_Activity_
Please make an exact copy of the listing, without the pictures.

_Supplied information_
━━━━━━━━━━━━━━━━━━━━
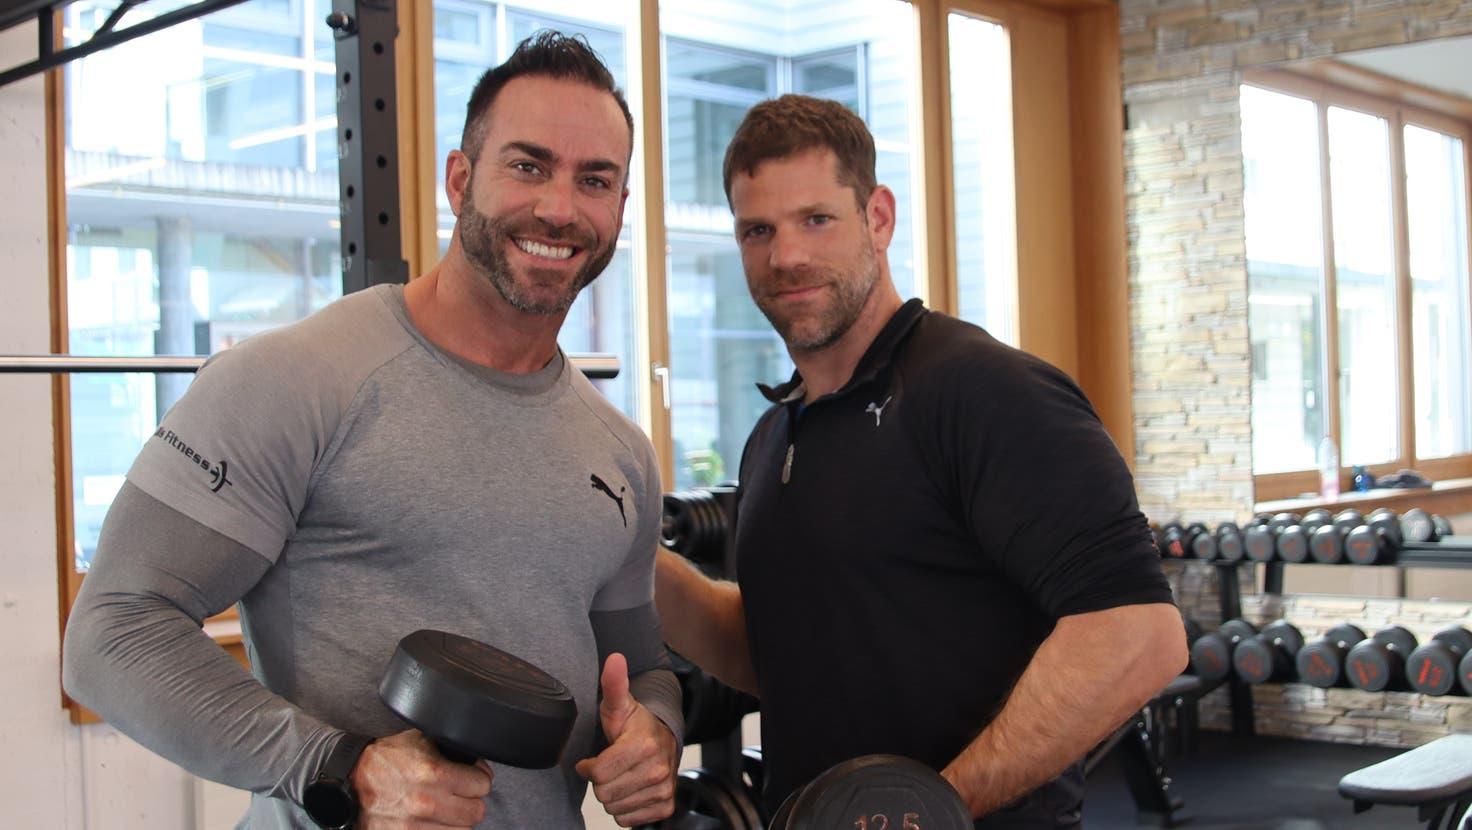 Marco Hirsiger,Profi-Bodybuilder und Pascal Vogel, Verkaufs- und Marketingleiter des «Diis Fitnesscenters» in Urdorf lassen ihre Muskeln spielen. (Lydia Lippuner)
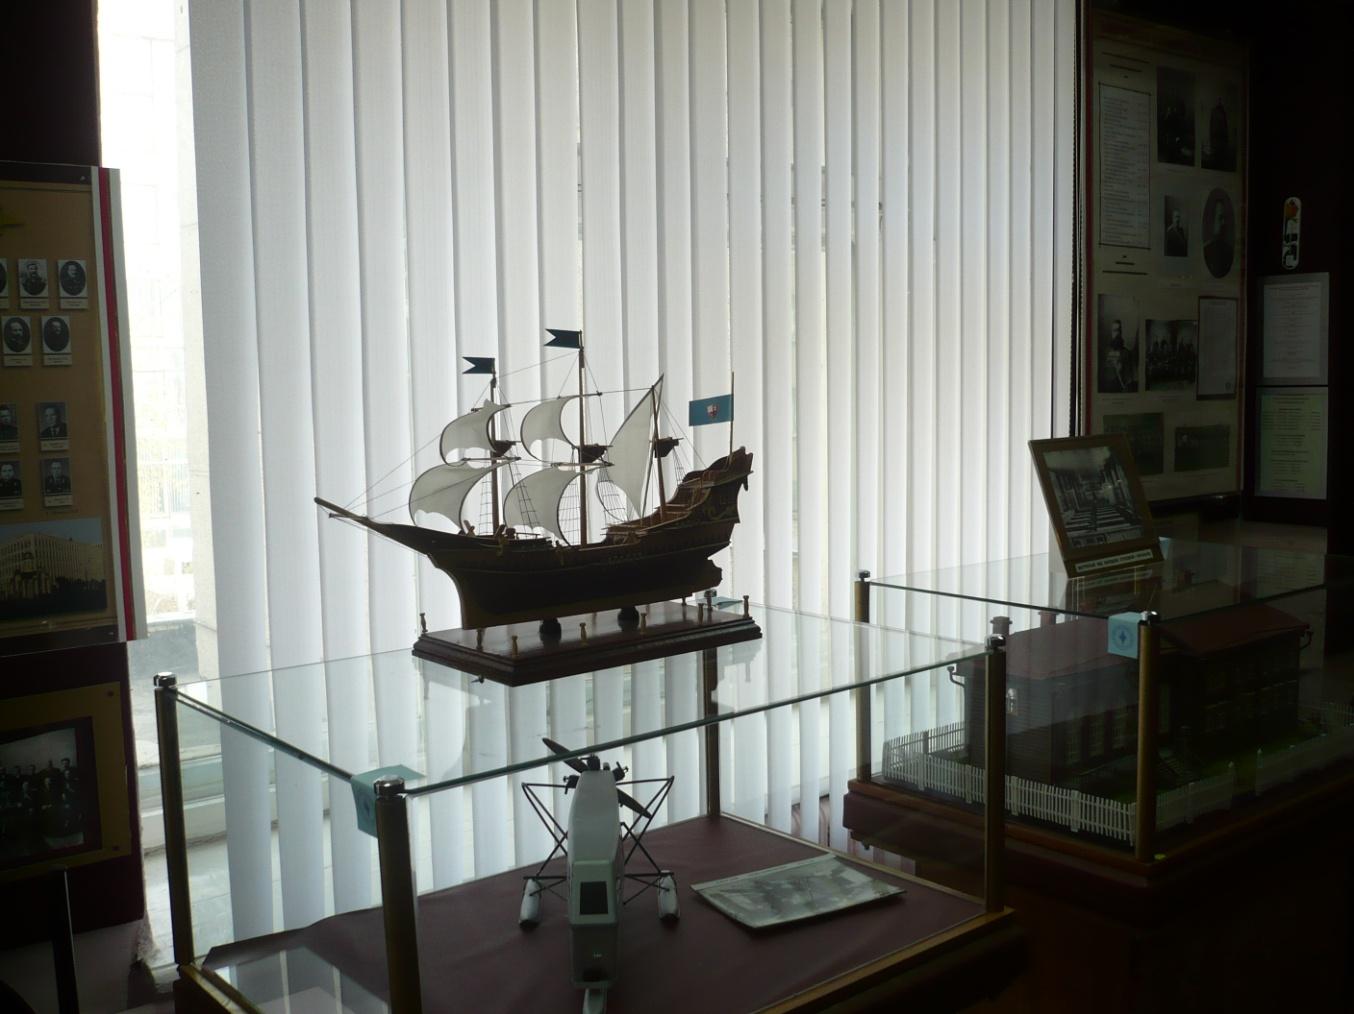 I:\Архив\разное рабочий стол\разное\Т.А\экскурсия в музей ГУВД\Первый русский корабль Орёл.JPG
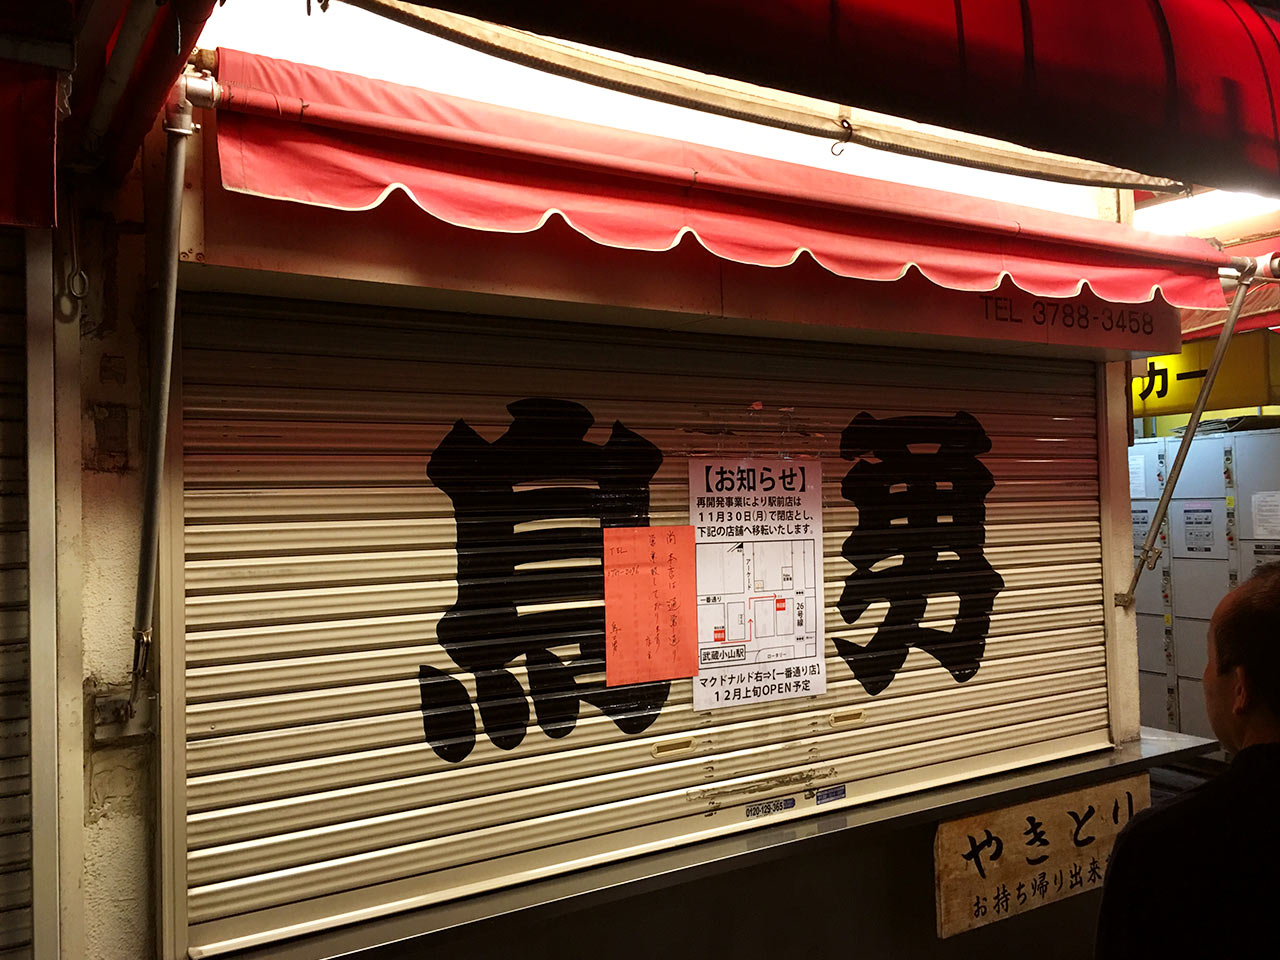 musashikoyama-ekimae-saikaihatsu-yakitori
━━━━━━━━━━━━━━━━━━━━
_Task result_
 Marco Hirsiger,Profi-Bodybuilder und Pascal Vogel, Verkaufs- und Marketingleiter des «Diis Fitnesscenters» in Urdorf lassen ihre Muskeln spielen. (Lydia Lippuner)
 I:\Архив\разное рабочий стол\разное\Т.А\экскурсия в музей ГУВД\Первый русский корабль Орёл.JPG
 musashikoyama-ekimae-saikaihatsu-yakitori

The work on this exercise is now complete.